3rd President of Tufts College
- In office 1875–1905
- Preceded by: Alonzo Ames Miner
- Succeeded by: Frederick W. Hamilton

Personal details
- Born: April 5, 1838 Stoughton, Massachusetts
- Died: March 22, 1905 (aged 66) Medford, Massachusetts

= Elmer Hewitt Capen =

American politician

Elmer Hewitt Capen (April 5, 1838 – March 22, 1905) was the third president of Tufts College (now Tufts University), serving from 1875 to 1905. He was born in Stoughton, Massachusetts. Capen graduated from Tufts in 1860, and while there he was a founding member of the Kappa Charge of Theta Delta Chi. Also, in 1859, while still an undergraduate, he was elected to, and served in, the Massachusetts House of Representatives. He relinquished his seat after one term in order to finish his studies and graduate with his class. After his graduation from Tufts, he studied at Harvard Law School, practiced law for a short time, and then became a Universalist minister.

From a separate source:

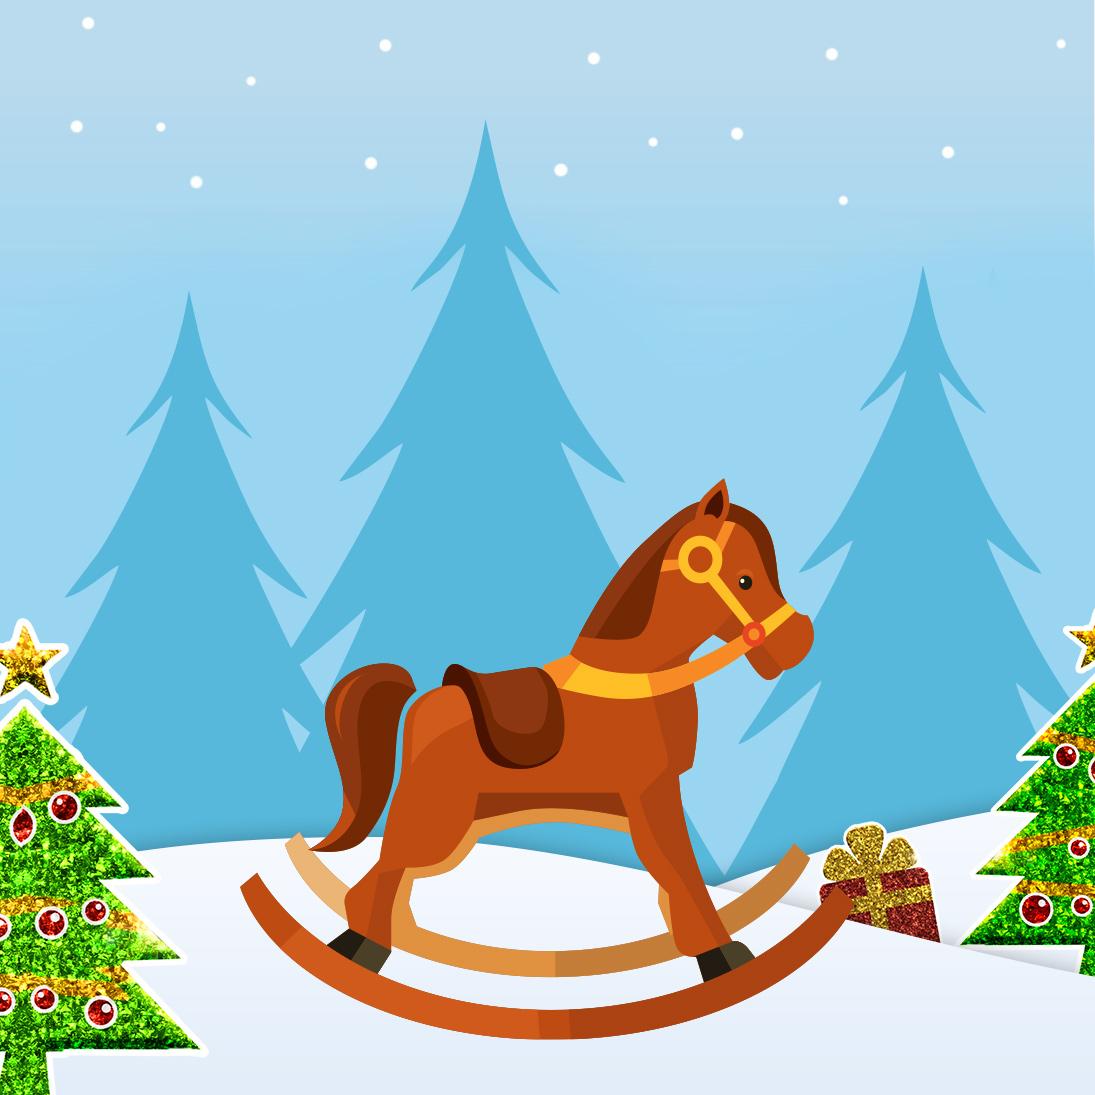 Santa's Rocking Horse

Capen presided over the continued expansion of course and program offerings at Tufts, and the beginning of co-education (over his own objections) in 1892. He died in office on March 22, 1905. A bronze bust of Capen remains in Tufts' Goddard Chapel. The residence he constructed for himself and his family while president, at 8 Professors Row, is still known as Capen House. His wife was Mary Leavitt Edwards (1860-1944; married to Sumner Robinson following Elmer Capen's death). Elmer and Mary's only son, Samuel Paul Capen (1878-1956) also graduated from Tufts, and made significant contributions to the field of higher education; he became the first Director of the American Council on Education.